As for wine storage humidity, anywhere between 50 and 80 percent humidity is widely considered safe. You’ll prevent the corks from drying out while keeping mold at bay. These are the optimal wine storage conditions.
Storing White Wine Properly
The question arises, should white wines be stored at different temperatures?
Let’s start by saying than over 90% of the white wines are nicer when young, during the bottle’s first three years. For most white wine, the younger, the better.
Yes, there are contemplative white wines made to withstand the test of time, from white Burgundy to Napa Chardonnays, from German Rieslings to Champagne and all kinds of dessert wines. You should store these in proper wine storages and at the correct storage temperature, too.
It would help if you store these wines at the same temperature and humidity as red wine, between 45° F (7ºC) and 65° F (18ºC), and humidity levels between 50 and 80 percent.
There’s no significant difference in red and white wine’s evolution, so you shouldn’t treat them differently — unless you’re ready to pour them.
The Best Wine Service Temperature
The real difference between red and wine storage conditions comes when it’s time to pop open those corks.
Light-bodied red wines, like Gamay, Grenache, Saint Laurent or Pinot Noir should be served between 50ºF (10ºC) and 60ºF (16ºC). Full-bodied red wines, like Cabernet, Syrah or Malbec are more enjoyable at a temperature between 60ºF (16ºC) and 64ºF (18ºC). As you see, these temperatures are well within our ideal storage conditions.

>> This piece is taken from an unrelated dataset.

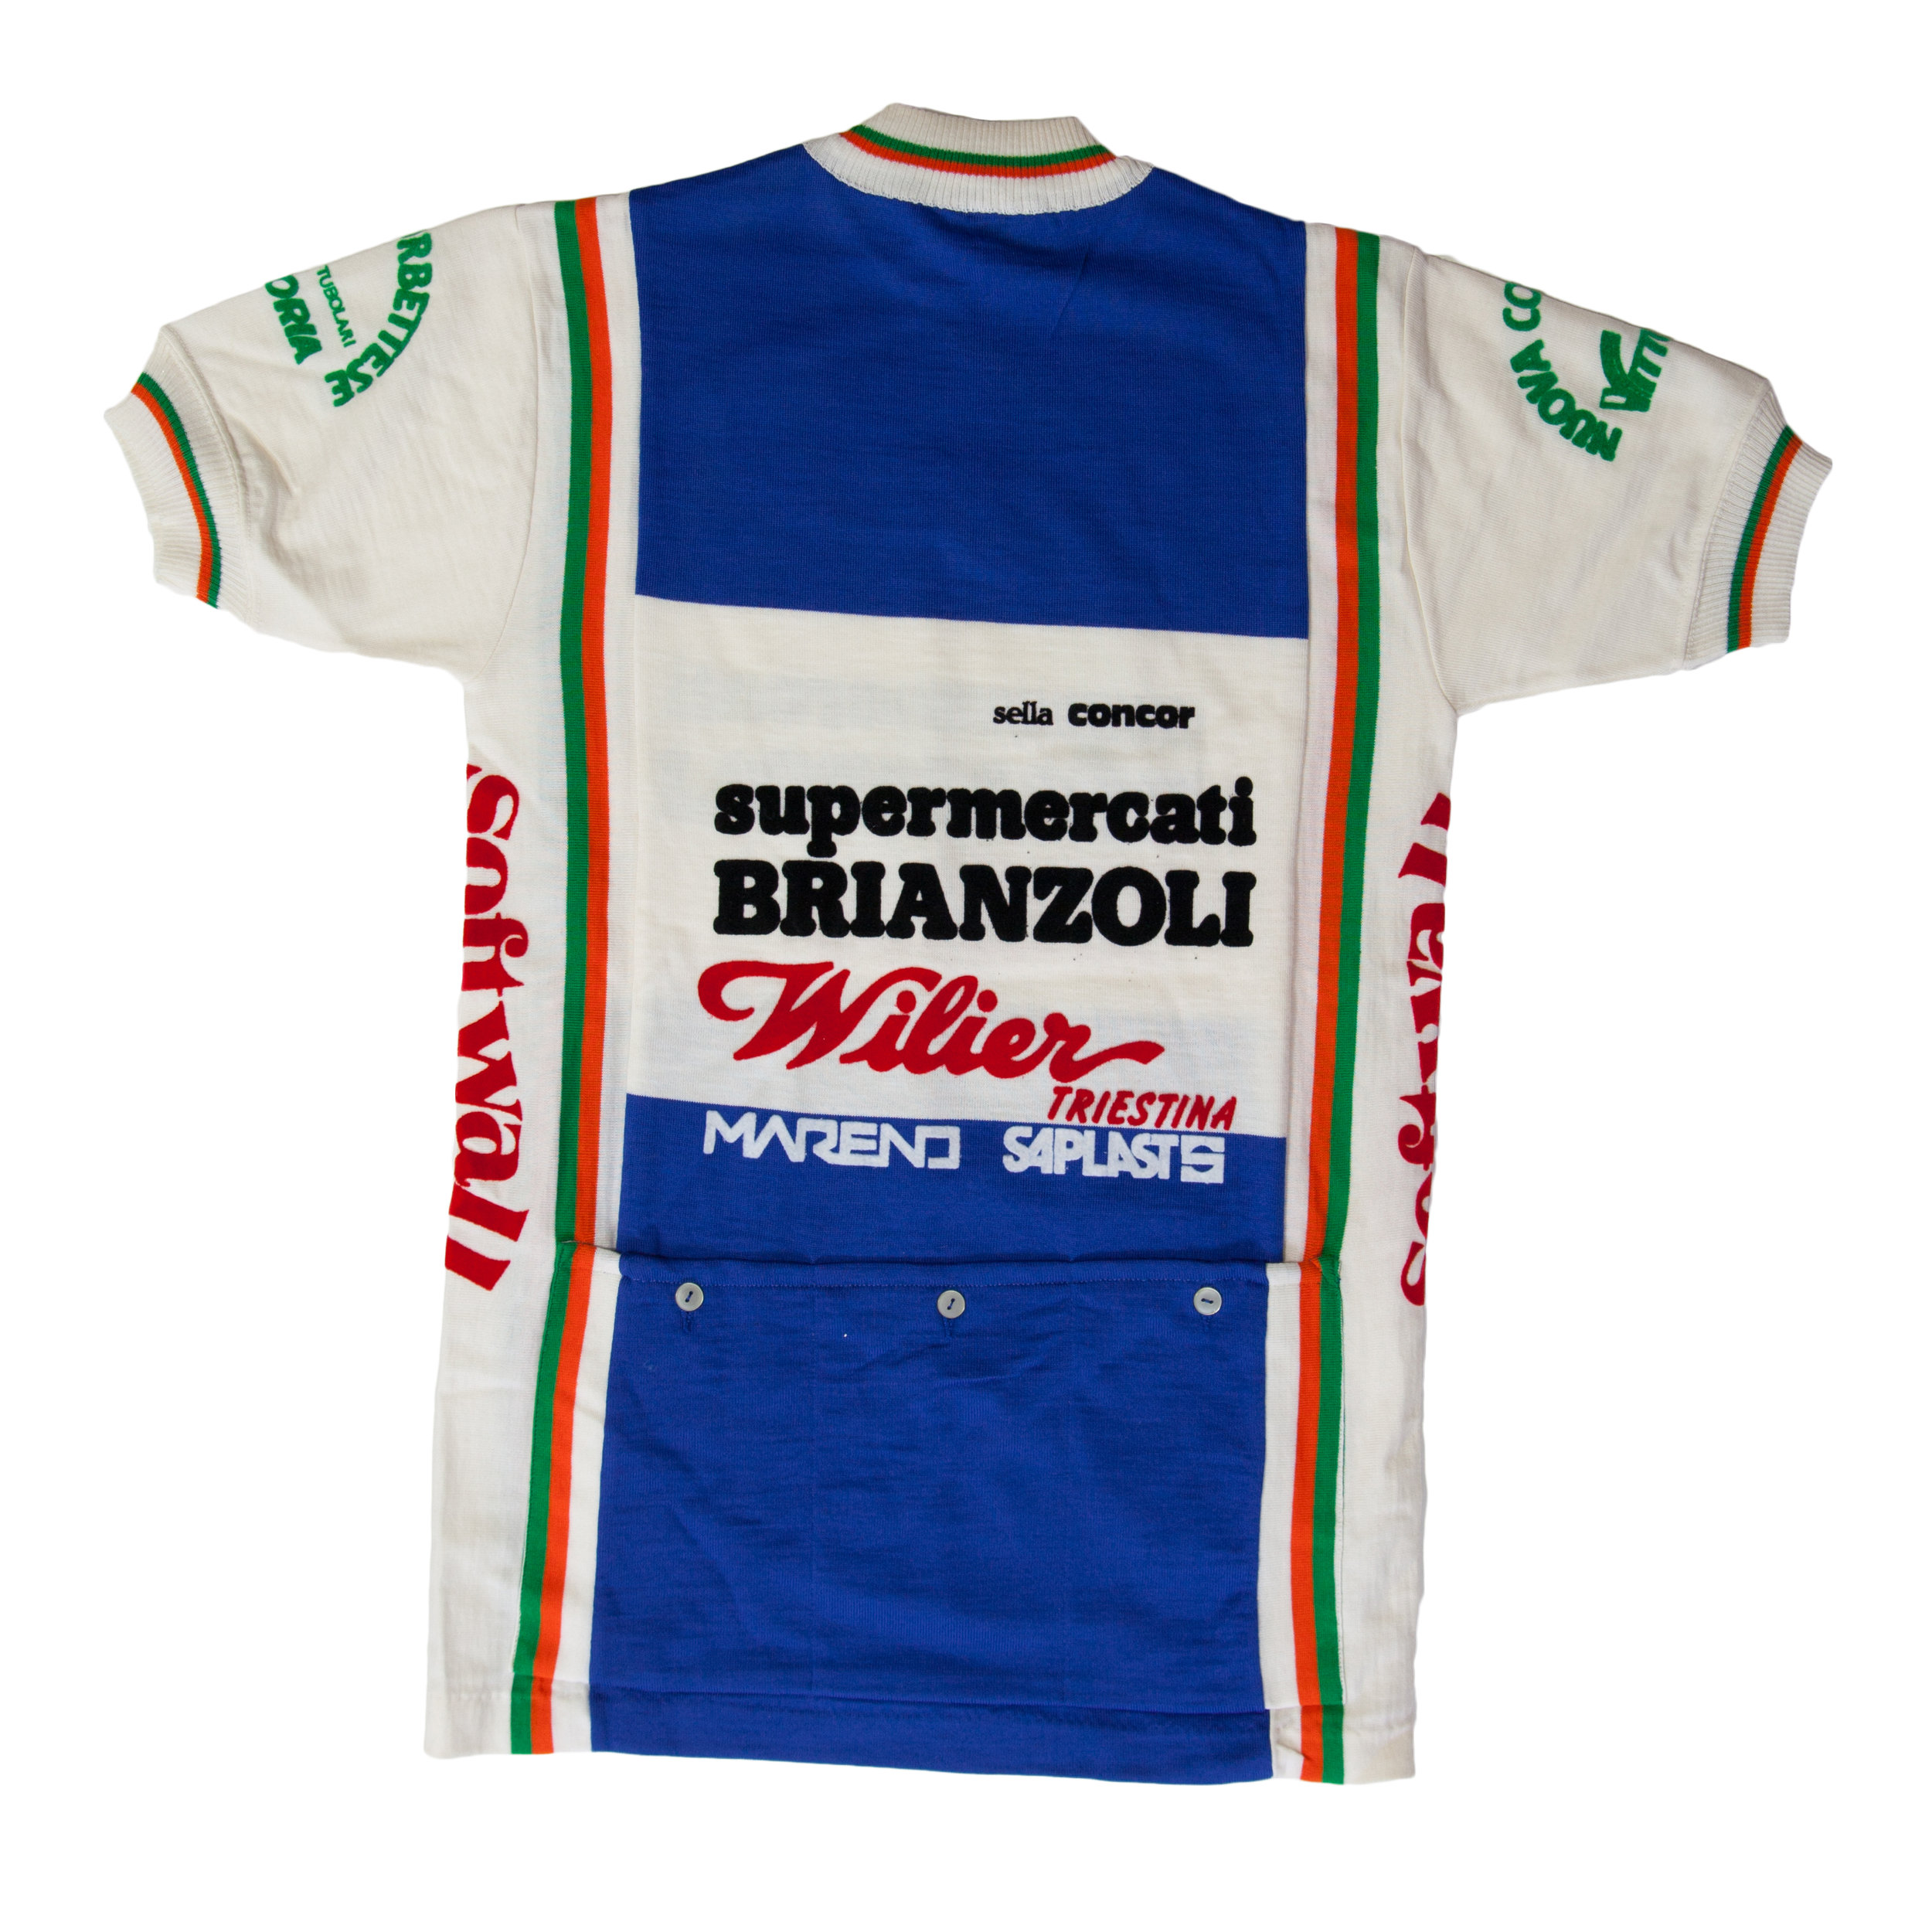 Brianzoli_Back.jpg

You must serve white wines colder than that. Between 40ºF (4ºC) and 50ºF (10ºF) depending on the wine’s body, which is why some people prefer to store their white wine bottles in separate, cooler wine storage units. They’re always ready to pour wine at the right serving temperature.
For example, restaurants, who need to keep their wine safe while maintaining it at proper serving temperatures, will need to store their red and white bottles at different storage temperatures. You, on the other hand, are probably OK with a single compartment for your wine collection. You can always chill your white wine bottles in an ice bucket 30 minutes before serving.
There you have it…
Red and white wines are different, yes, and they’re most enjoyable at precise serving temperatures. Still, there’s no significant distinction when it comes to keeping your bottles safe from light, heat, humidity, and oxygen.
Enjoy your newfound wine storage knowledge with friends and family, and let’s have a toast for wine well kept.